Autor grafiki: nati.shuba@gmail.com
*Poprzednie imiona: Kuna
Płeć: Kotka
Orientacja: Nieokreślona
Przynależność: Pieszczoch>Samotnik>Klan Nocy
Ranga: Uczeń
- - - -
Właściciel: nati.shuba@gmail.com
APARYCJA
OGÓLNEKUNIA ŁAPA
*Poprzednie imiona: Kuna
Płeć: Kotka
Orientacja: Nieokreślona
Przynależność: Pieszczoch>Samotnik>Klan Nocy
Ranga: Uczeń
- - - -
Właściciel: nati.shuba@gmail.com
CHARAKTERYSTYKA
APARYCJA
Opis ogólny - Posiada ona półdługie, czarne futro, a kolory na nim występują w dużych,
nieregularnych plamach, które są rozproszone po całym jej ciałku, od brzucha aż po łebek. Oczy jej są
pomarańczowe, można powiedzieć, że miedziane. Co ciekawe, na jej rudawych plamkach dostrzec da
się pręgi tygrysie, które są koloru ciemnorudawego, prawie brązowego. Sylwetkę ma smukłą, nieco
drobną, jednak z pewnością jest ona prosta, niezgarbiona. Opuszki jej łap są miękkie oraz delikatne, pazury ma za to trochę krótkawe, jednak na pierwszy rzut oka trudno będzie zauważyć w nich coś specjalnego. Uszka ma zakończone pędzelkami, a ogon jej jest dość długi oraz pofalowany. Jeden z wąsików jej lekko się skręcił, odstając nieco od reszty jej prostych niczym struny wibrysów.
Cechy szczególne - Pędzelki na uszach
Kolor sierści - Czarna tortie (pręgowana tygrysio na rudym)

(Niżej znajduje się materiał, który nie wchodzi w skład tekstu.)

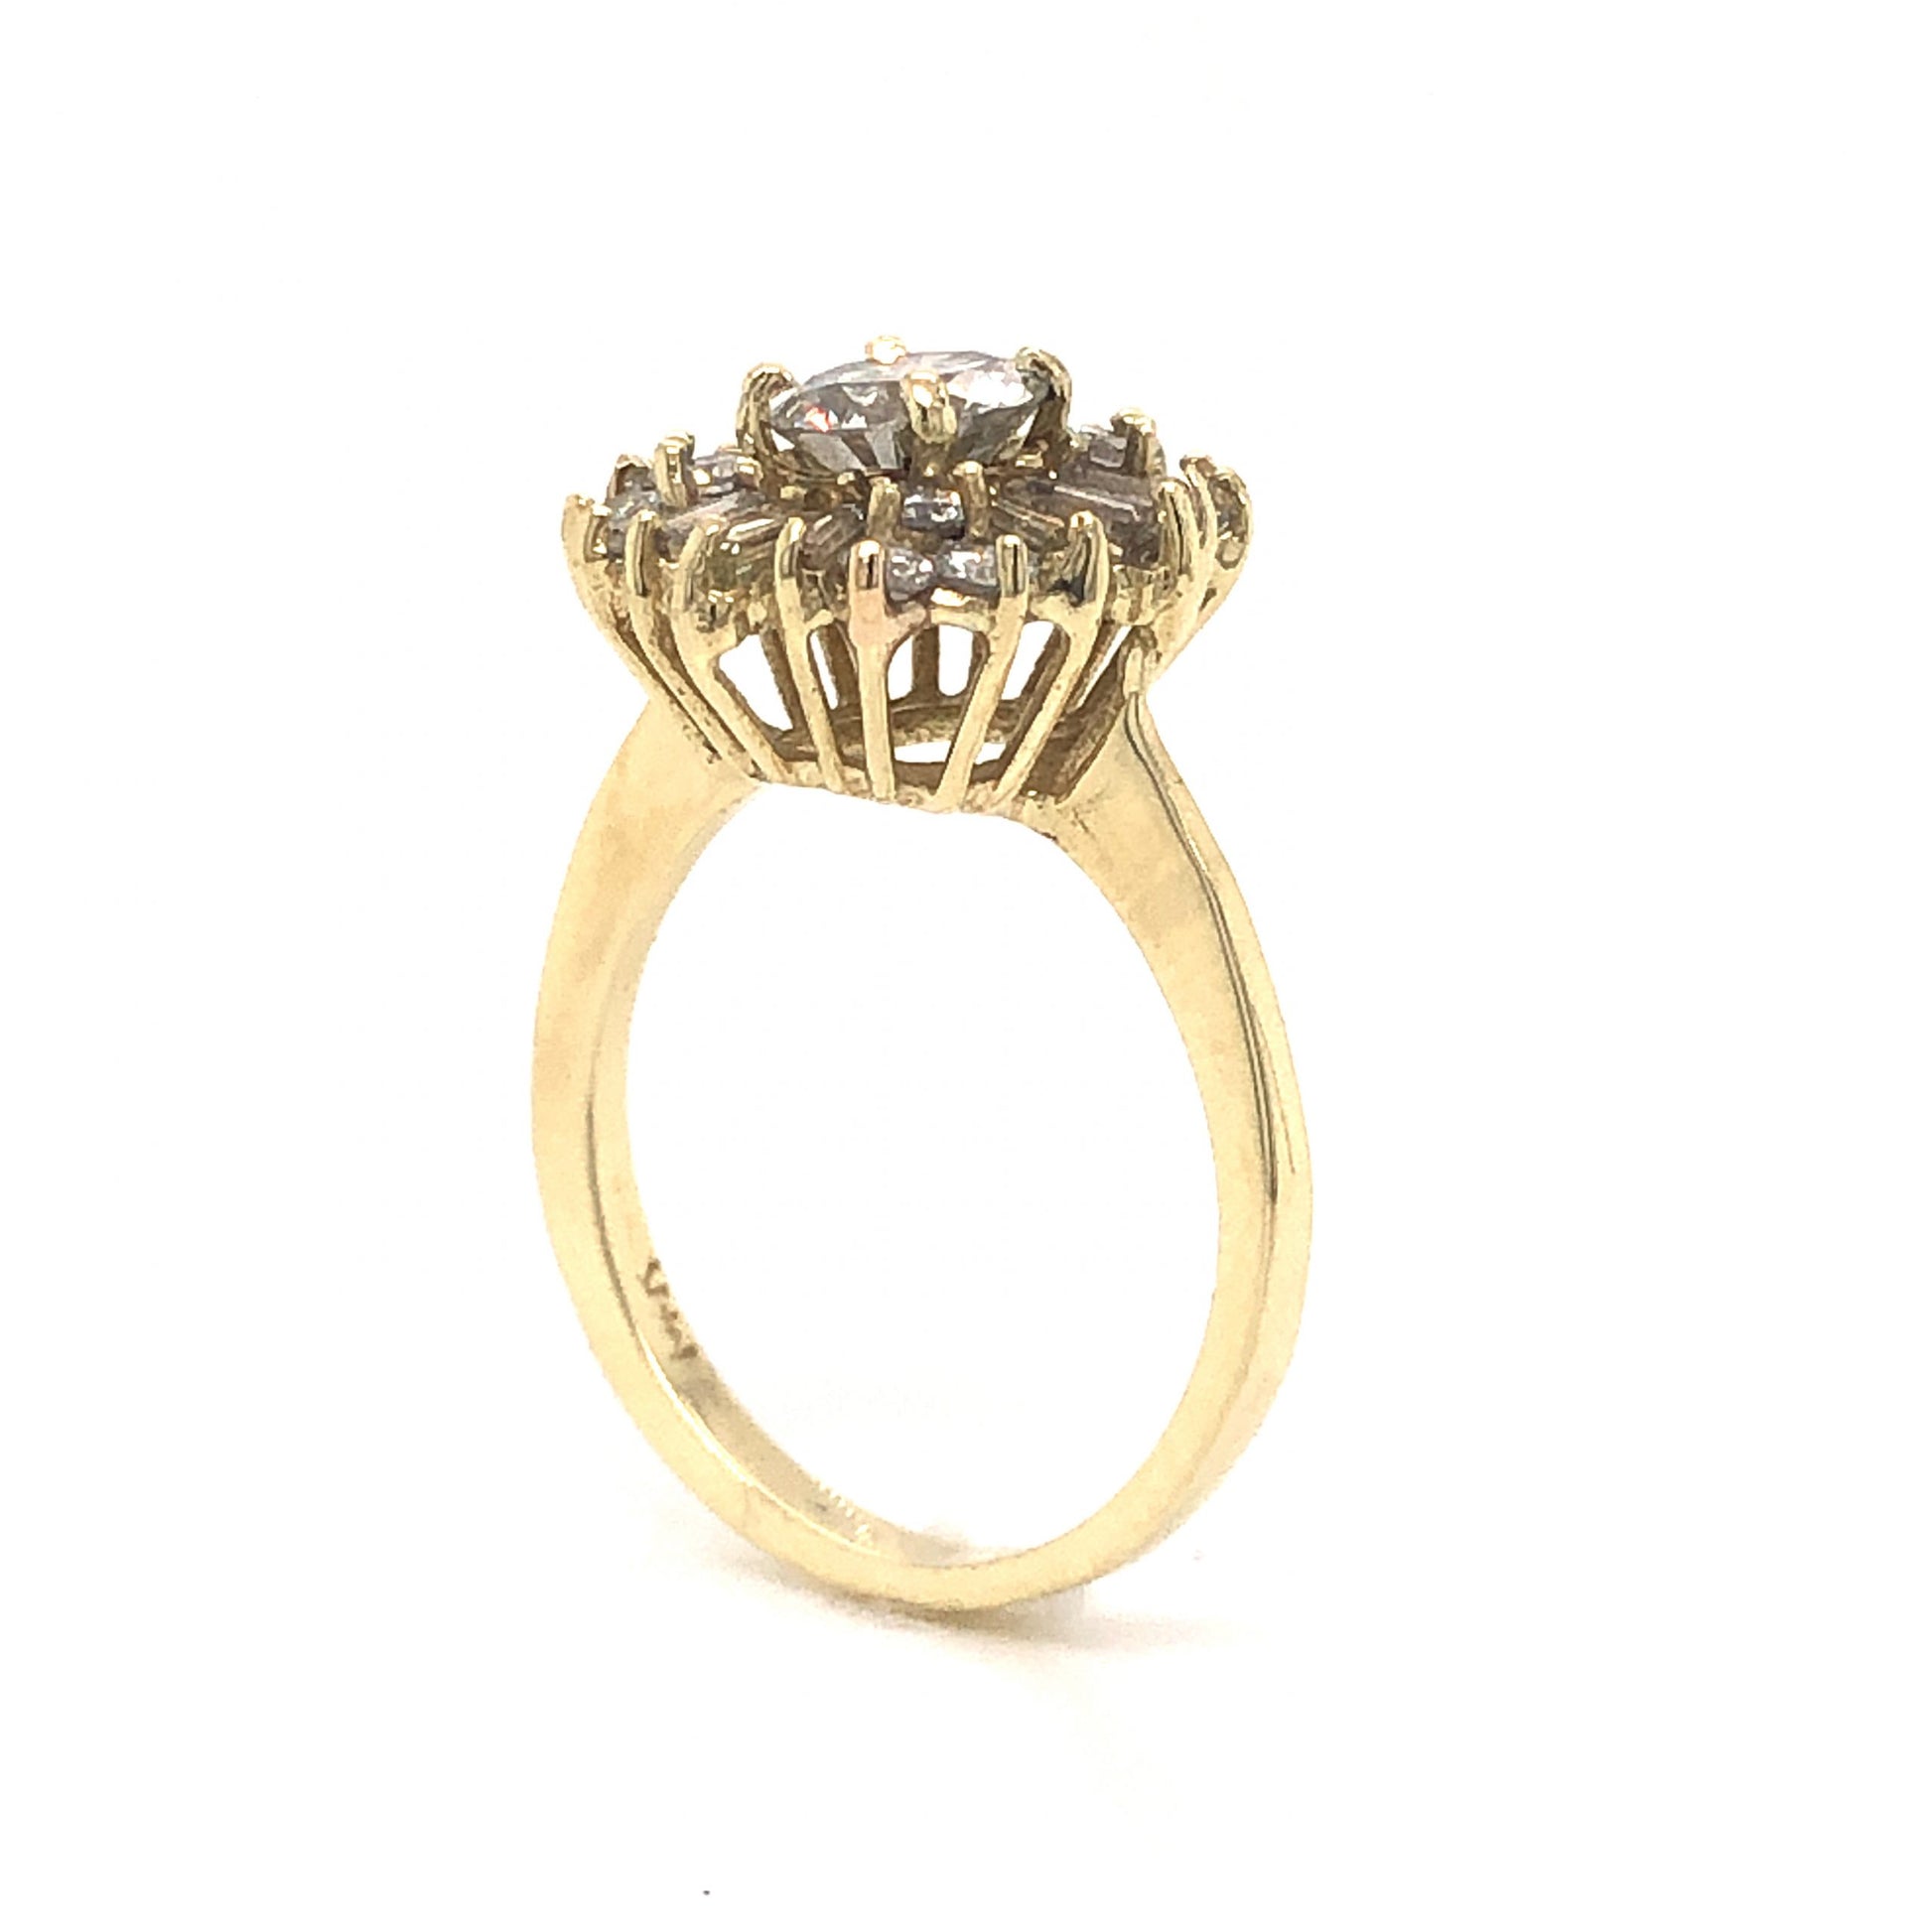 Round Ballerina Halo Diamond Engagement Ring in 14k Yellow GoldComposition: 14 Karat Yellow Gold Ring Size: 5 Total Diamond Weight: 1.46ct Total Gram Weight: 3.88 g Inscription: 14k

Długość sierści - Półdługa
Kolor oczu - Pomarańczowe
Problemy zdrowotne - ///
CHARAKTER
Jest ona przyjazna, a także otwarta na nowe doświadczenia, wciąż jednak pamiętając, by zachować odpowiedni dystans do niektórych kotów oraz sytuacji. Można ją nazwać kotem mało-elastycznym, ponieważ gdy już coś jej się spodoba, nie jest w stanie tak do końca pozwolić temu odejść. Na przestrzeni czasu przeszła bardzo ciekawą zmianę, bo z kota wiecznie przestraszanego i zwykle unikającego obecności innych, stała się nieco bardziej otwarta na interakcje i ciekawi ją sposób myślenia innych oraz to, jaki charakter ktoś nosi. Nie jest zbytnio rozmowna, ponieważ odzywa się tylko wtedy, gdy ktoś będzie miał chęć ją zaczepić. Gdy jednak wciągnie się w jakąkolwiek konwersacje, okazać się może świetnym mówcą oraz słuchaczem, a posiada też subtelne poczucie humoru, które ujawnia się w odpowiednich momentach. Zapamiętywanie różnych szczegółów oraz drobiazgów jest dla niej równie proste, co słuchanie innych, a to pozwala jej prędko wyrobić sobie opinie na temat jakiegoś kota. Często patrzy nie tylko na to, jak traktuje ją dany członek klanu, ale jak traktuje jej pobratymców czy koty spoza klanu. Często przed wykonaniem czegoś stara się rozważyć dostępne opcje, nie działa więc ślepo czy bez planu. Jest przyjazna i ogólnie uwielbia nagradzać innych, jak i samą siebie, często prawiąc komplementy. Należy do tych bardziej spokojnych, cierpliwych kotów, które pomimo licznych błędów oraz komplikacji starają się iść naprzód, co czasem może okazać się trudne oraz mozolne. Chociaż ma w zwyczaju myśleć długo przed podjęciem jakieś decyzji, a rozważanie opcji jest czymś, co robi często, to nie ma pojęcia o tym, gdzie skończy, gdy dorośnie. Często bywa więc, iż obserwuje inne koty, by zobaczyć czy rola, którą pełnią jest ciekawa, czy może nużąca i denna. Stało się to trochę jej rutyną, do której można by jeszcze wliczyć wstawanie wcześnie, by oglądać wschód słońca oraz ptaki wskakujące na gałązki, by każdy usłyszeć mógł ich pieśń. Uwielbia wspinać się na korony drzew, by podziwiać z nich widoki oraz horyzont, a choć często obawia się, że upadnie na grunt, to nie potrafi przestać się wspinać.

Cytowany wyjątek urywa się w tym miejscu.